Task item: Within the material below, transcribe exactly the lines from the one holding "Rechteckiger Tischläufer 40" through the one holding "Funda de Silicona", keeping both ends and skipping the rest.

Task data:
**********
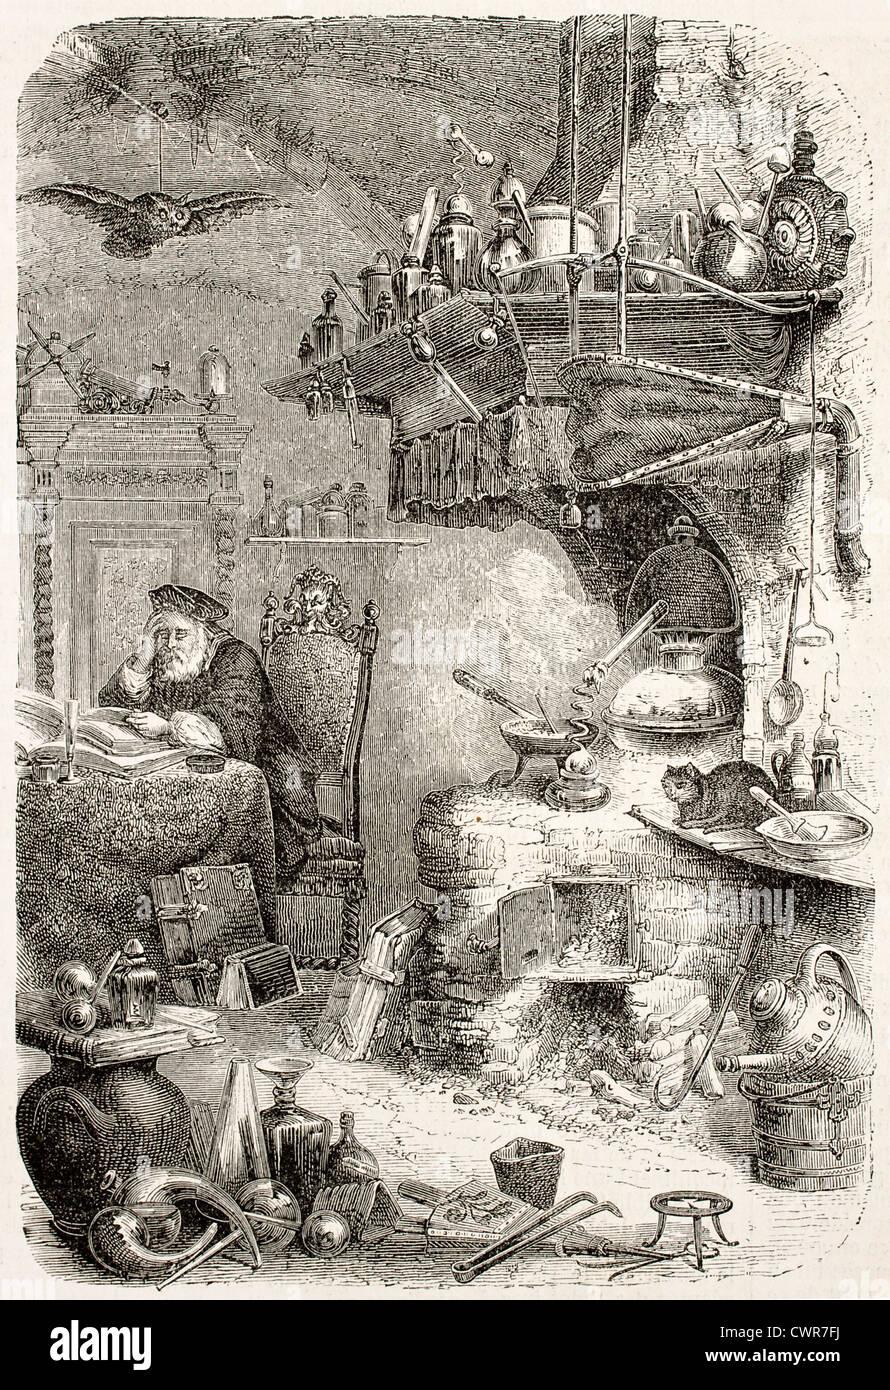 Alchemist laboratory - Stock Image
**********
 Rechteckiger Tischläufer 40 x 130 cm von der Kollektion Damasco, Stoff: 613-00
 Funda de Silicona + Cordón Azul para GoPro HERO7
**********
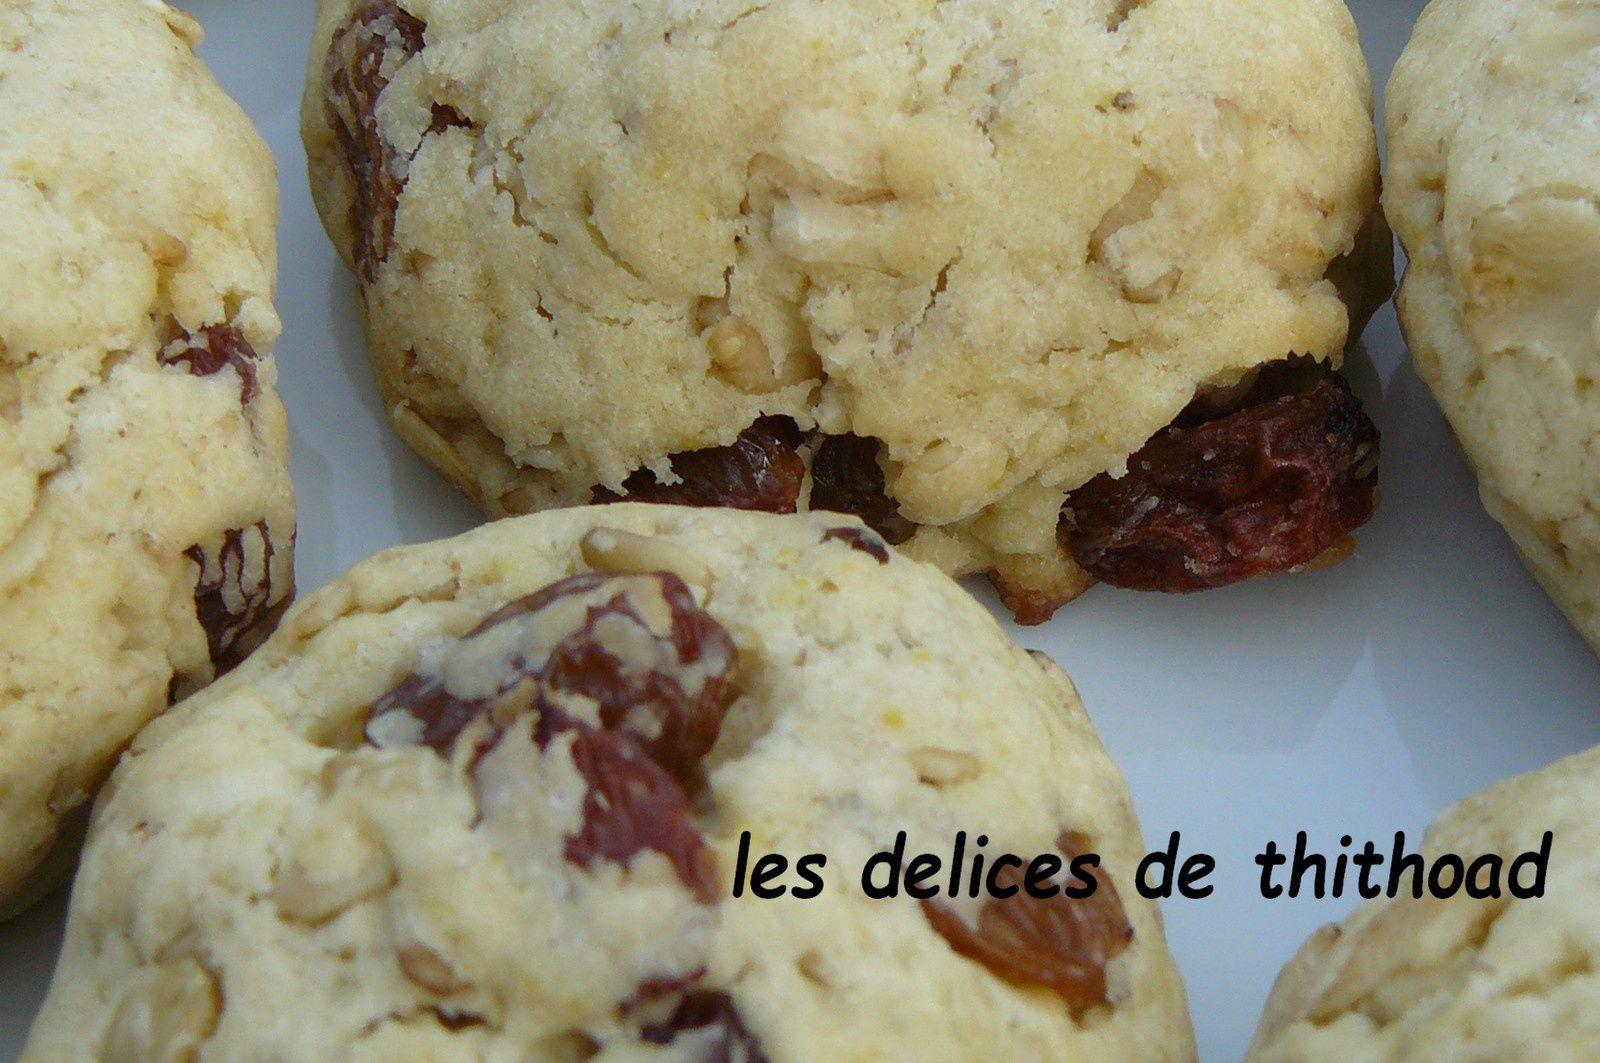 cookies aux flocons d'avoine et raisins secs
**********
Solution to this exercise:
 Rechteckiger Tischläufer 40 x 130 cm von der Kollektion Damasco, Stoff: 613-00
 Funda de Silicona + Cordón Azul para GoPro HERO7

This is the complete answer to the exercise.